We then proceeded on using our training data with a Ridge Regression model, which resulted in an RMSE of 0.1225 before the feature reduction and 0.1142 after the feature reduction. Once again the model performed better after the reduction, though not as well as the Lasso Reduction model. The final linear based model that was utilized was our Elastic-Net with Cross-Validation model. This model resulted in an RMSE of 0.1215 before the reduction and an RMSE of 0.1094 after the reduction, making it the best performing model of the linear based models we tested.
In order to determine whether we could get more out of our model and if we could drop more irrelevant features, we turned to Gradient Boosting to further optimize our model. In tuning our model we saw that there was going to be inherent overfitting on the training data because of how powerful the learning algorithm was. We performed a grid search in order to minimize this problem.
With fully optimized parameters the model had an R-squared value of 0.92 and an RMSE of 0.11 meaning that it performed very well, but only marginally better than the other models. The real value of Gradient Boosting was that we were able to identify the important features and eliminate the unimportant ones without a significant impact on model performance.
We saw that only a few features had much impact on the model and that feature importance quickly dropped off after those features. When we tested the model only using the 15-most important features (there were 63 used in the original model) we saw a very modest drop in performance. The R-squared value was 0.87 and the RMSE was 0.12. Thus, we concluded that the most informative model was a limited feature Gradient Boosted model.
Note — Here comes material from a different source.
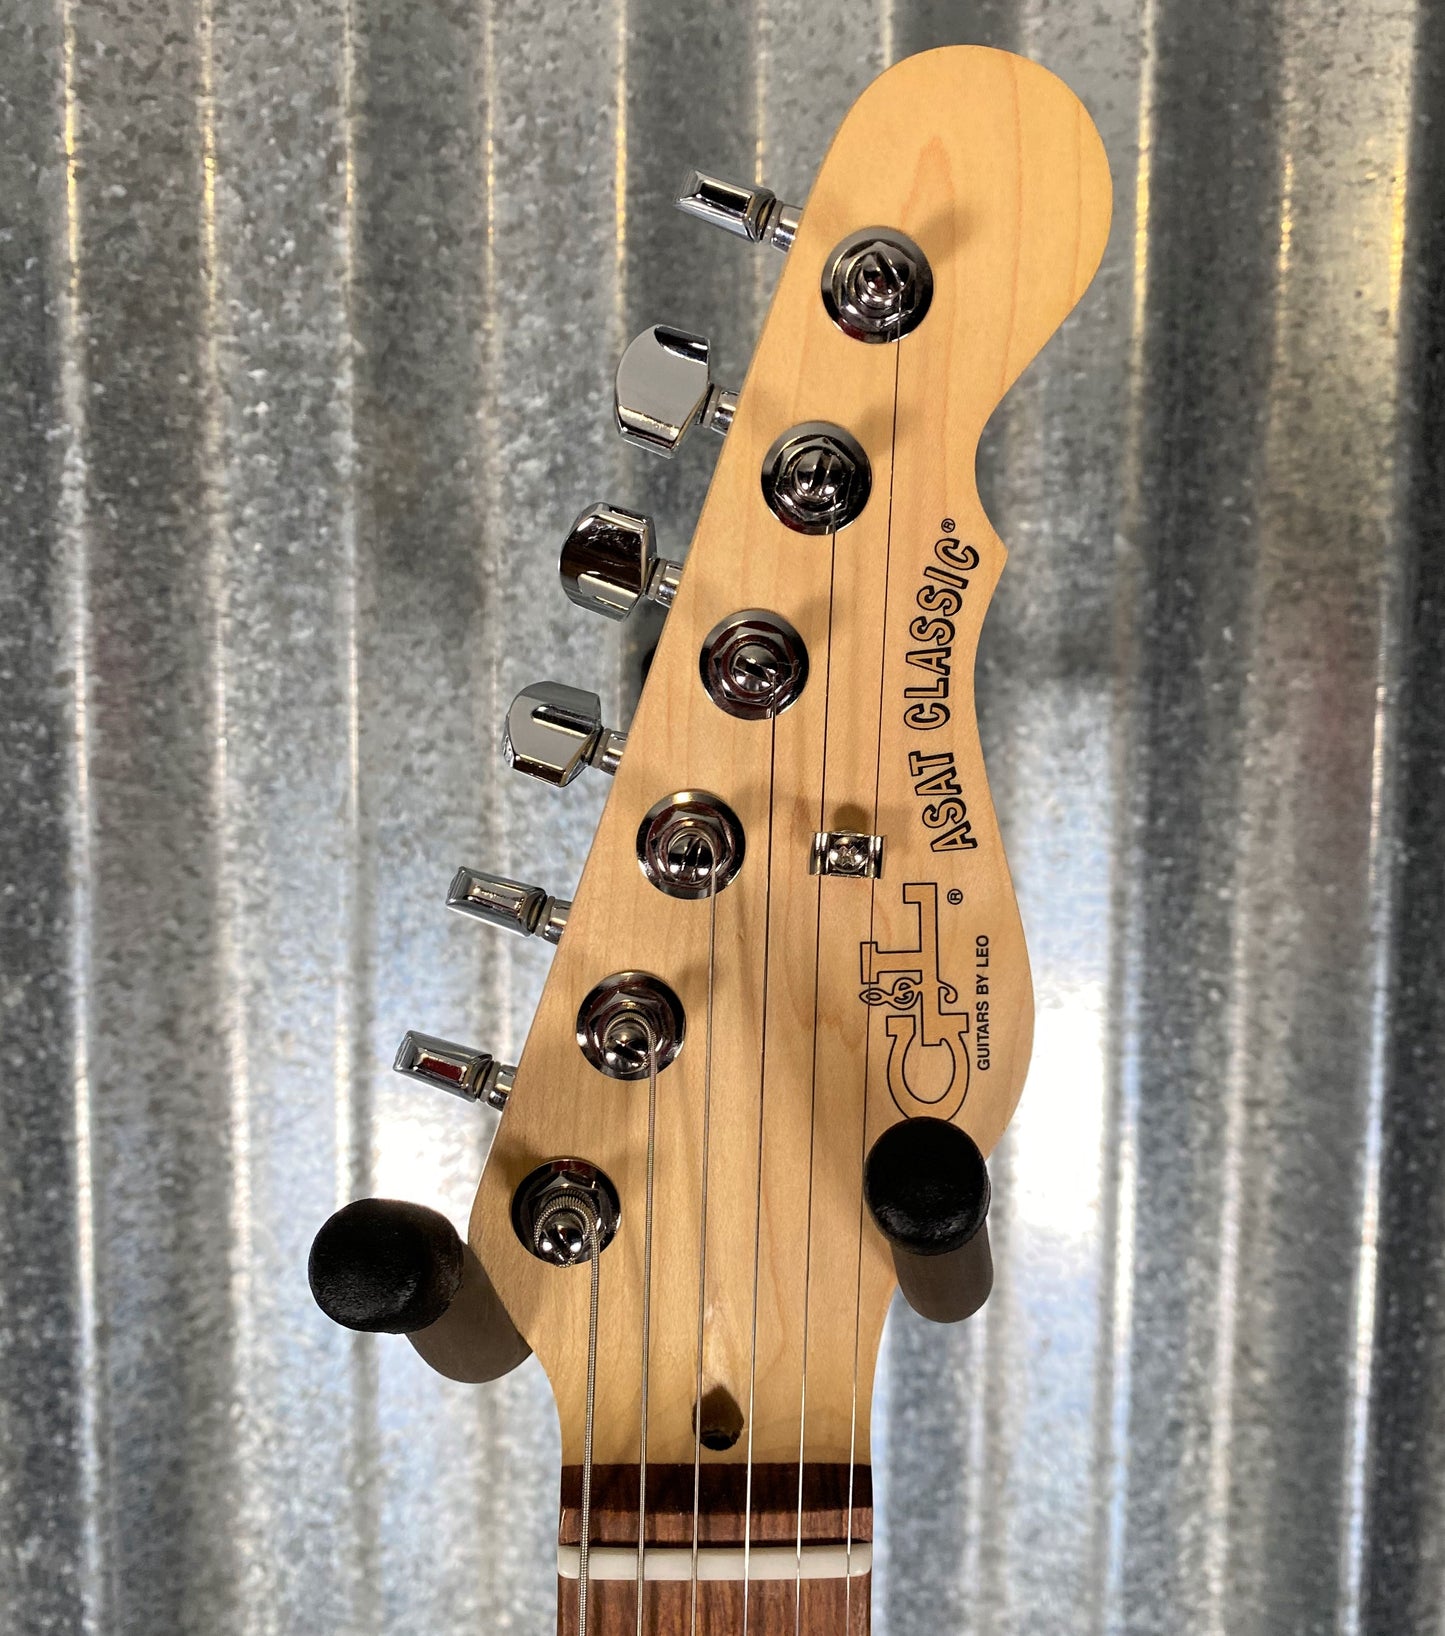 G&L USA 2023 Custom ASAT Classic Turquoise Guitar & Bag #1127 Used

So what really matters when it comes to housing prices? The most important feature by far was Overall Quality followed by Living Area and then Neighborhood followed by another steep drop in feature importance. We recommend that home buyers/sellers focus on quality first and foremost. Quality is the first thing to depreciate over time and must be tended to when preserving the value of a home.
This means that any work on the home should be focused on maintaining functionality as opposed to expensive additions or remodels. Living area SF and neighborhood are also important determinants of price, so be aware of size and location when purchasing a home. If a home is lacking in these qualities and still has a hefty price tag then it is probably not worth the extra money.